Collected material:
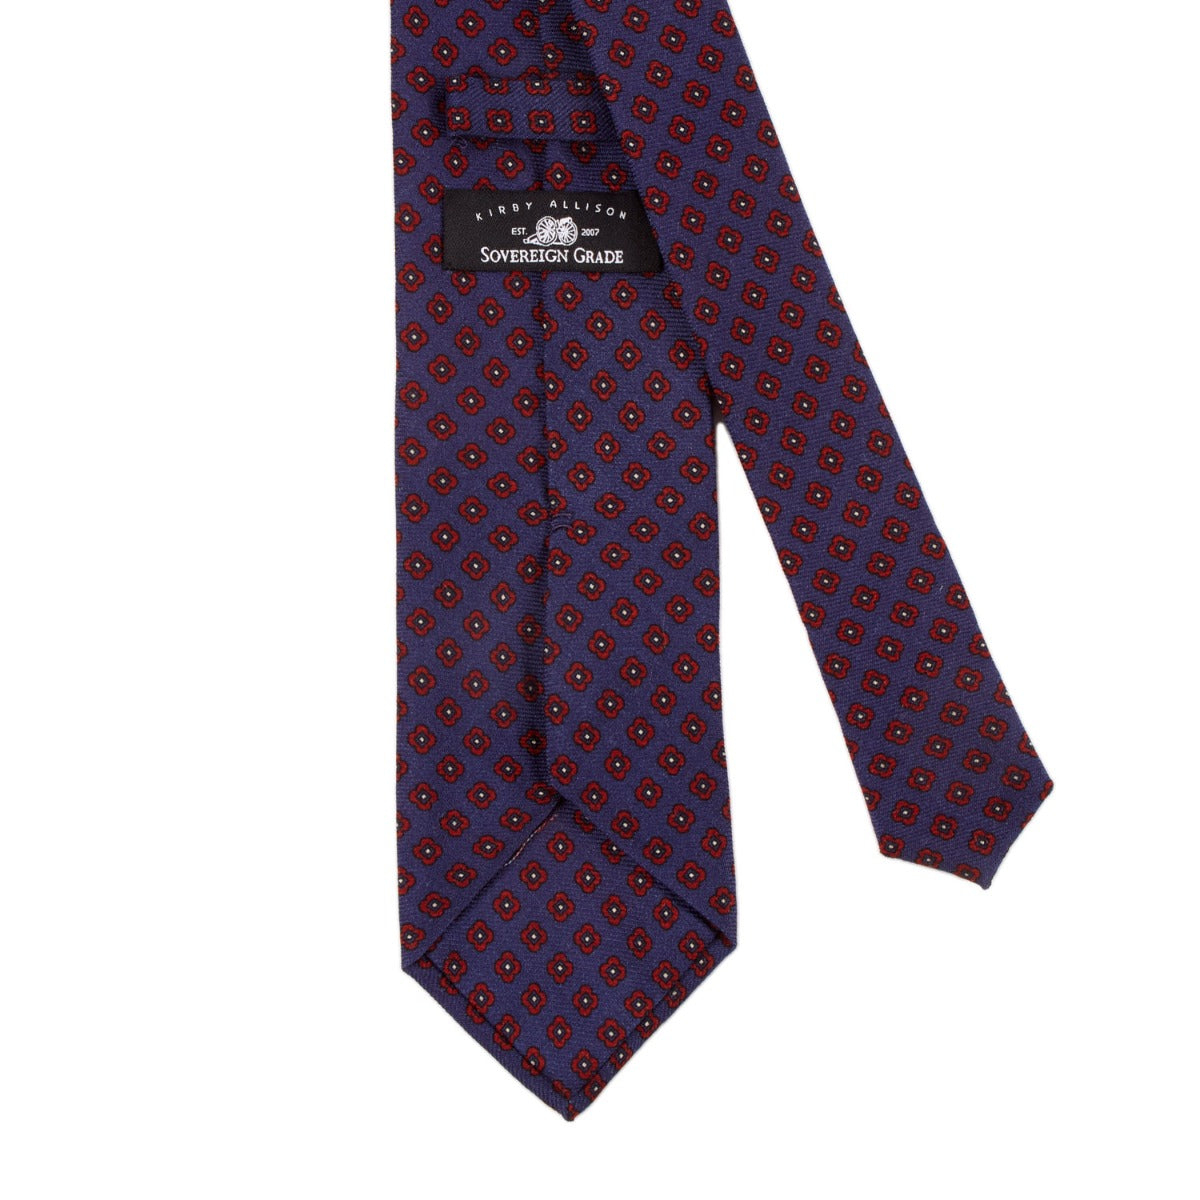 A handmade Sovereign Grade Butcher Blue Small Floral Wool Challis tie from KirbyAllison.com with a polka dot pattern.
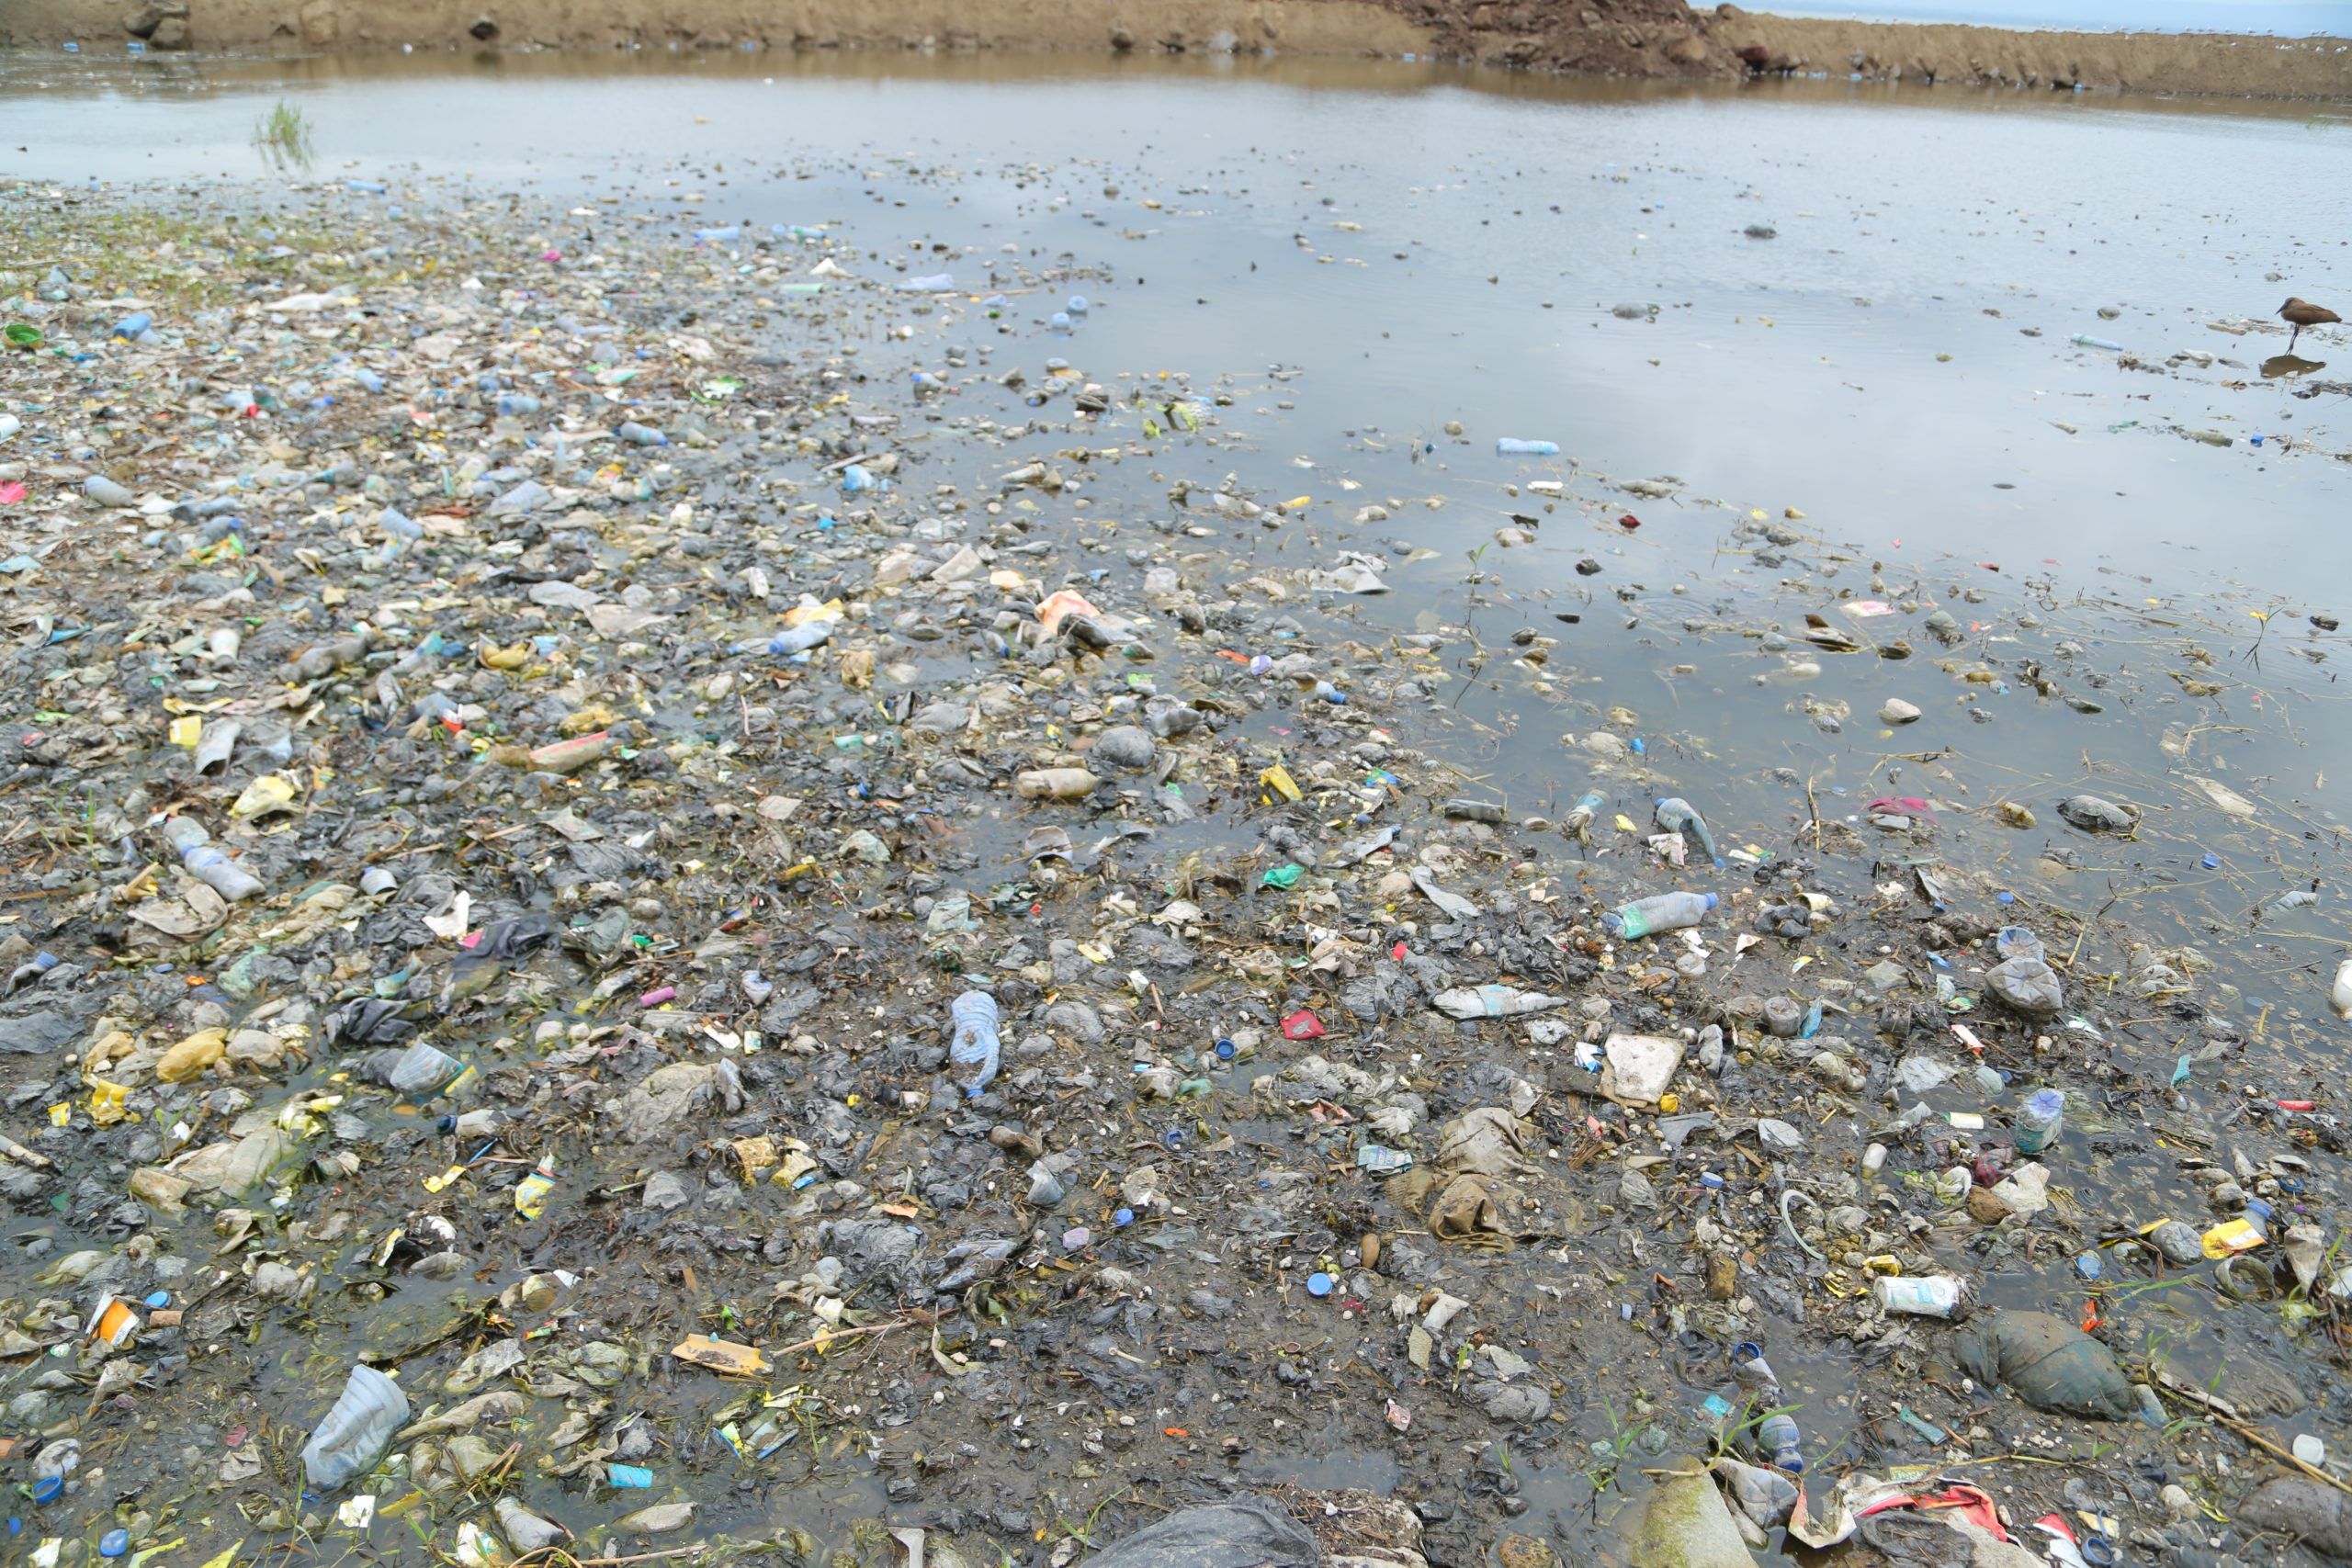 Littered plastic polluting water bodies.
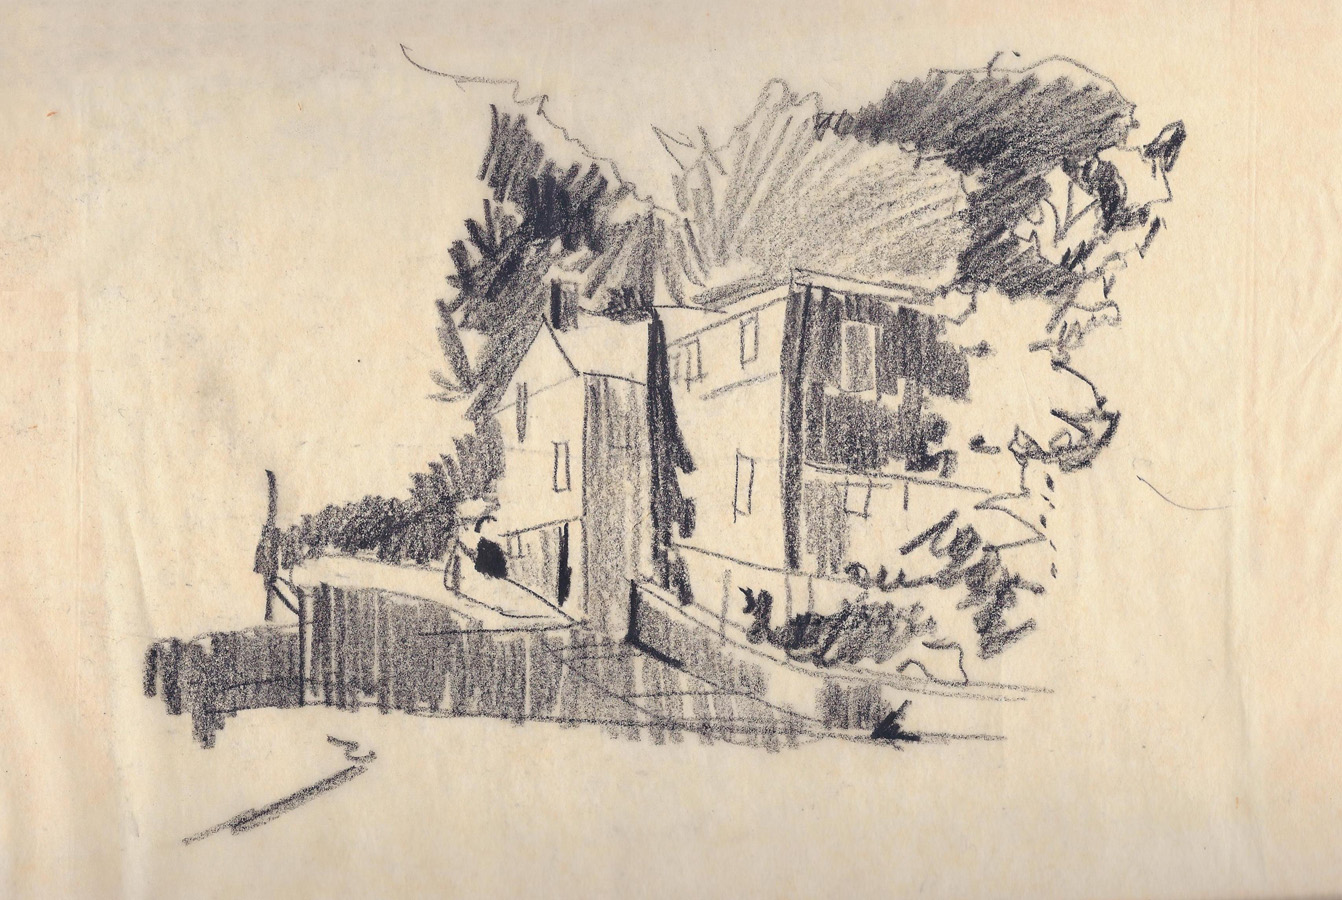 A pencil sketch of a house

What the task requires: Excluding pictures, copy exactly the lines from the line containing "Littered plastic polluting water bodies." through the last line of the data, inclusive.

Solved problem:
 Littered plastic polluting water bodies.
 A pencil sketch of a house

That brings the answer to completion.